Sections like this may not survive changes to the Hadleigh Farm course, but making it ‘safer’ reduced the appeal of the Sydney 2000 circuit to local riders. Image ©Hadleigh Farm

If the venue does become available, it won’t be the first time an Olympic course has been opened to the public. Riders could use the mountain bike track at Fairfield City Farm in Sydney after the 2000 Olympics, but the trail was closed shortly afterwards.

Fairfield City Farm charged an entry fee to ride the trail and “the interesting sections were only open to people with club licenses as they were deemed too technical for bumblies,” according to Craig Flynn of western Sydney’s Central Tablelands Mountain Bike Club.

The fees were intended to fund permanent maintenance staff for the trail, but this proved too expensive for the level of use.
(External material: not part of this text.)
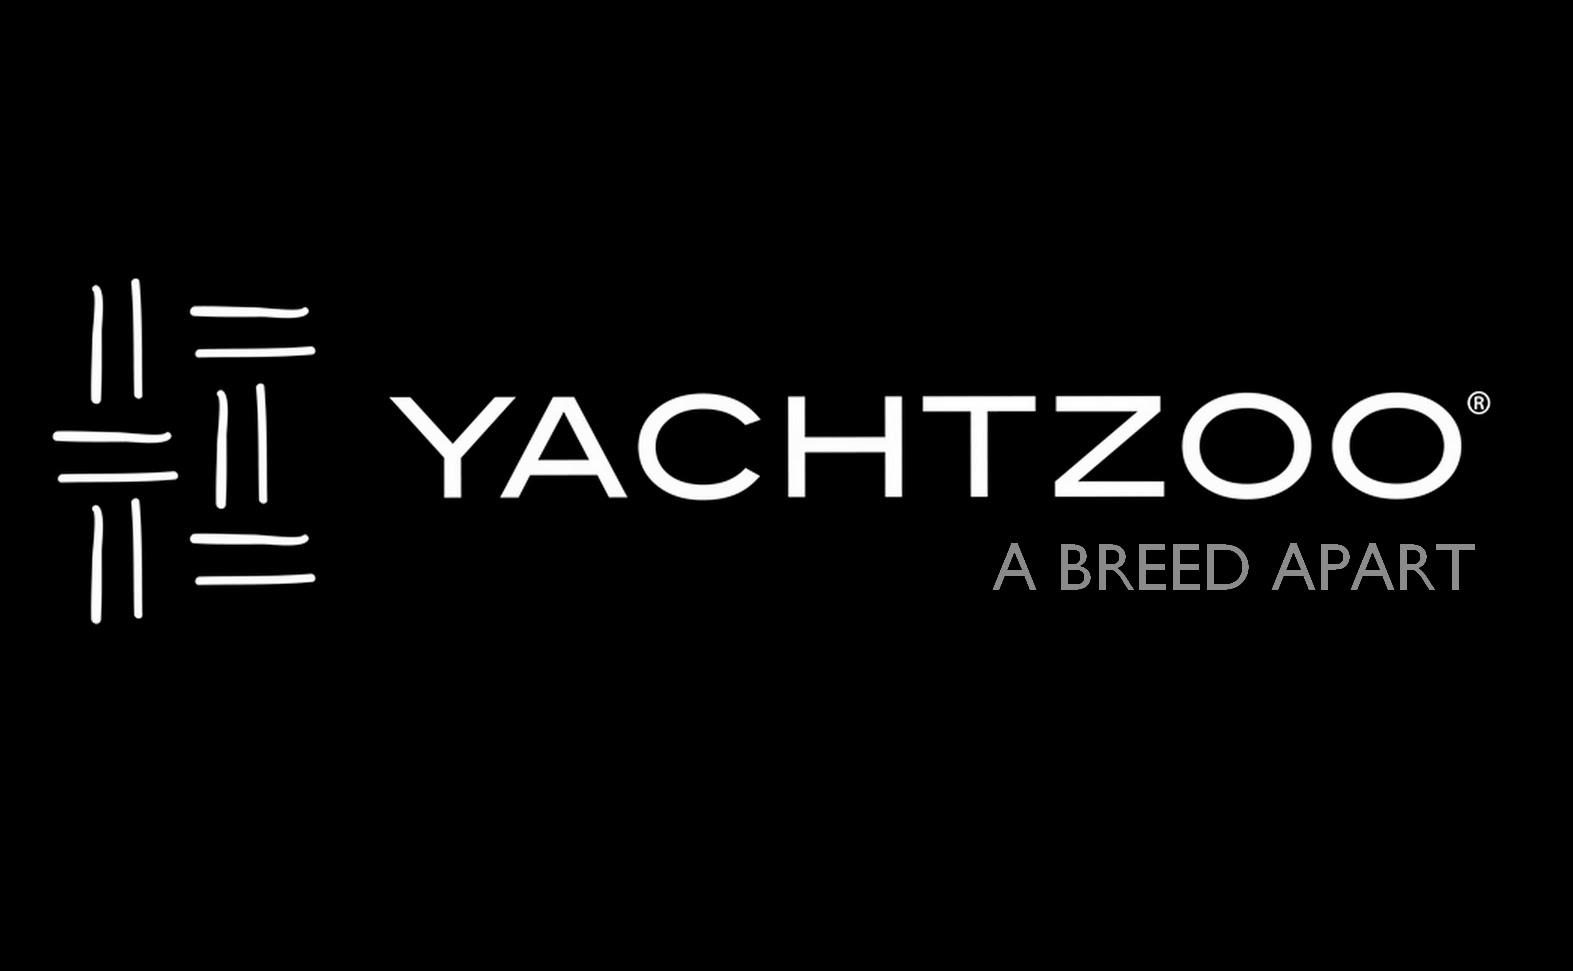 Yacht Zoo

The venue’s main focus was perceived to be on its existing equestrian users and local mountain bike clubs were not allowed provide volunteer labour to help with maintenance.

The hoped-for use as a race venue by local mountain bike clubs also failed to materialise as the AUD2,000 fee for a day’s use was beyond their means.

New owners recently revamped and re-opened Fairfield City Farm as Calmsley Hill but the mountain bike track remains closed. In an email to a member of the Rotorburn forum, the new owners said: “The track is currently heavily over grown and many of the crossing have been attacked by termites. I cannot give you a guarantee regarding timing nor any certainty it will be opened.”